What has the church done? It made the wife a slave—the property of the husband, and it placed the husband as much above the wife as Christ was above the husband. It taught that a nun is purer, nobler than a mother. It induced millions of pure and conscientious girls to renounce the joys of life—to take the veil woven of night and death, to wear the habiliments of the dead—made them believe that they were the brides of Christ. For my part, I would as soon be a widow as the bride of a man who had been dead for eighteen hundred years. The poor deluded girls imagined that they, in some mysterious way, were in spiritual wedlock united with God. All worldly desires were driven from their hearts. They filled their lives with fastings—with prayers—with self-accusings. They forgot fathers and mothers and gave their love to the invisible. They were the victims, the convicts of superstition—prisoners in the penitentiaries of God. Conscientious, good, sincere—insane. These loving women gave their hearts to a phantom, their lives to a dream.
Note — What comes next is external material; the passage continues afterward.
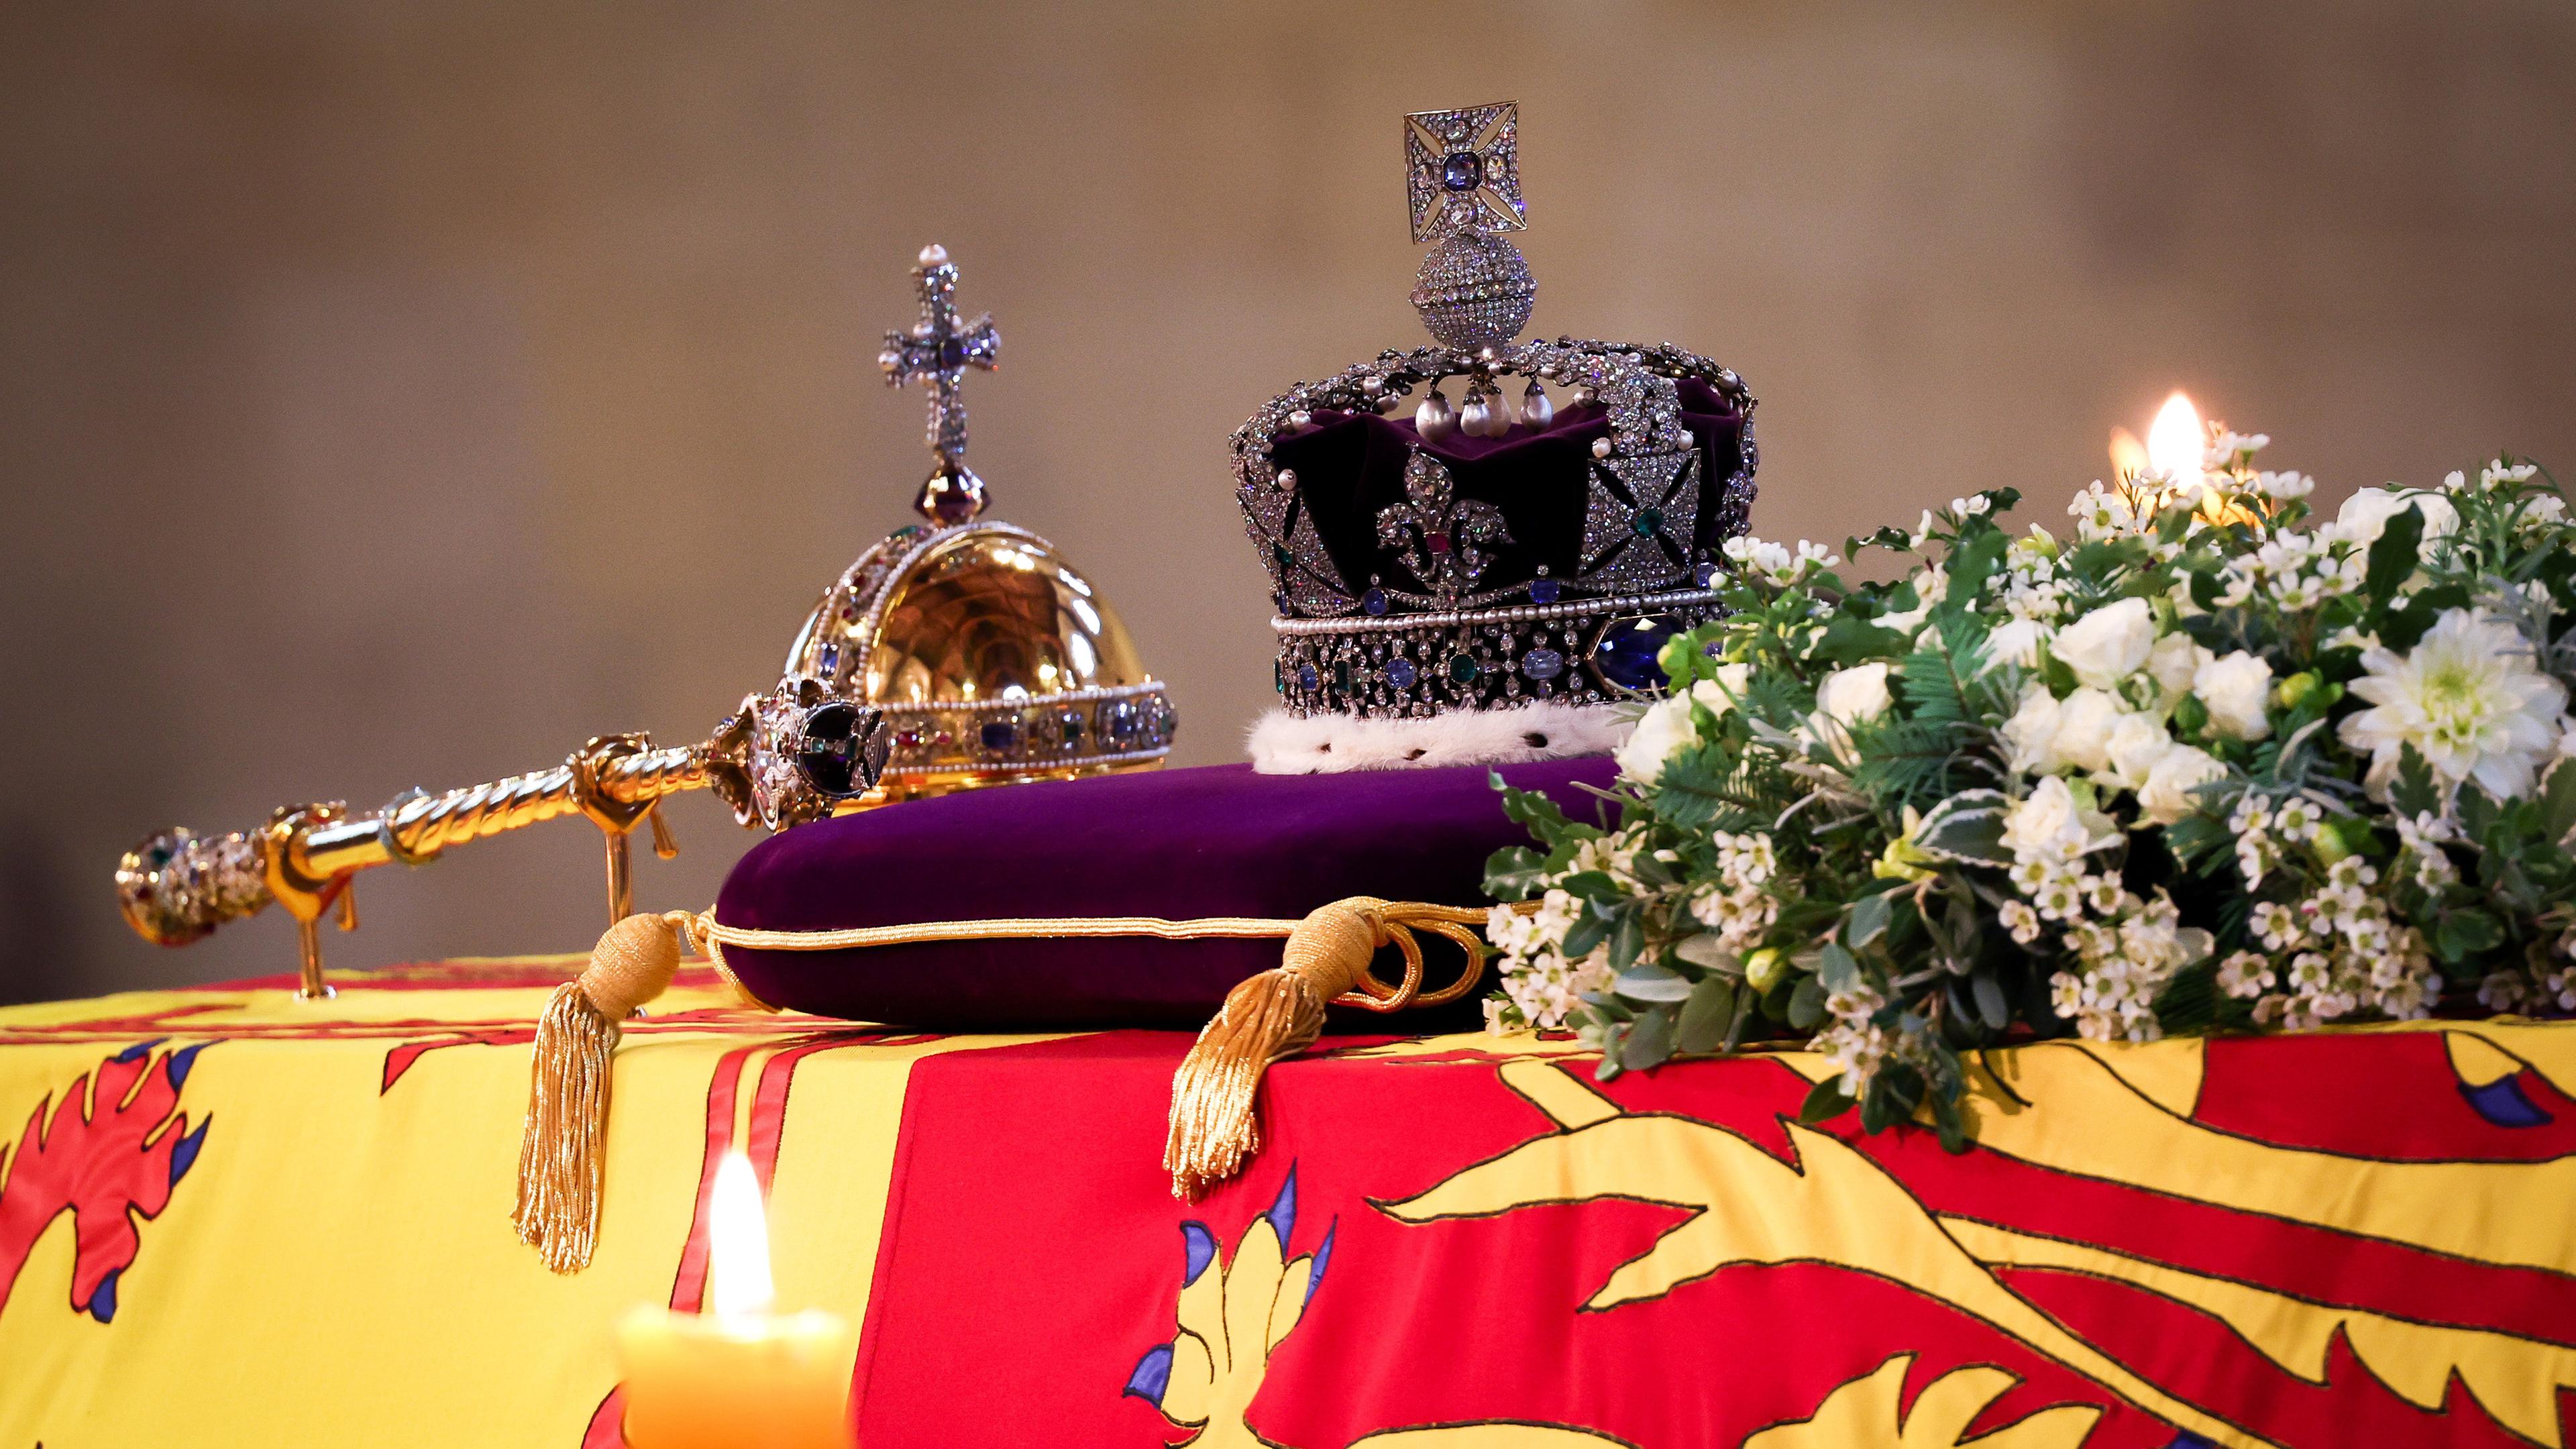  Großbritannien, London: Der Sarg von Königin Elizabeth II., der in die königliche Standarte gehüllt ist und auf dem die Imperial State Crown thront, ist in der Westminster Hall aufgebahrt.

The theologians depend on assertions. They have no evidence. They claim that their inspired book is superior to reason and independent of evidence. They talk about probability—analogy—inferences—but they present no evidence. They say that they know that Christ lived, in the same way that they know that Cæsar lived. They might add that they know Moses talked with Jehovah on Sinai the same way they know that Brigham Young talked with God in Utah. The evidence in both cases is the same,—none in either. How do they prove that Christ rose from the dead? They find the account in a book. Who wrote the book? They do not know. What evidence is this? None, unless all things found in books are true.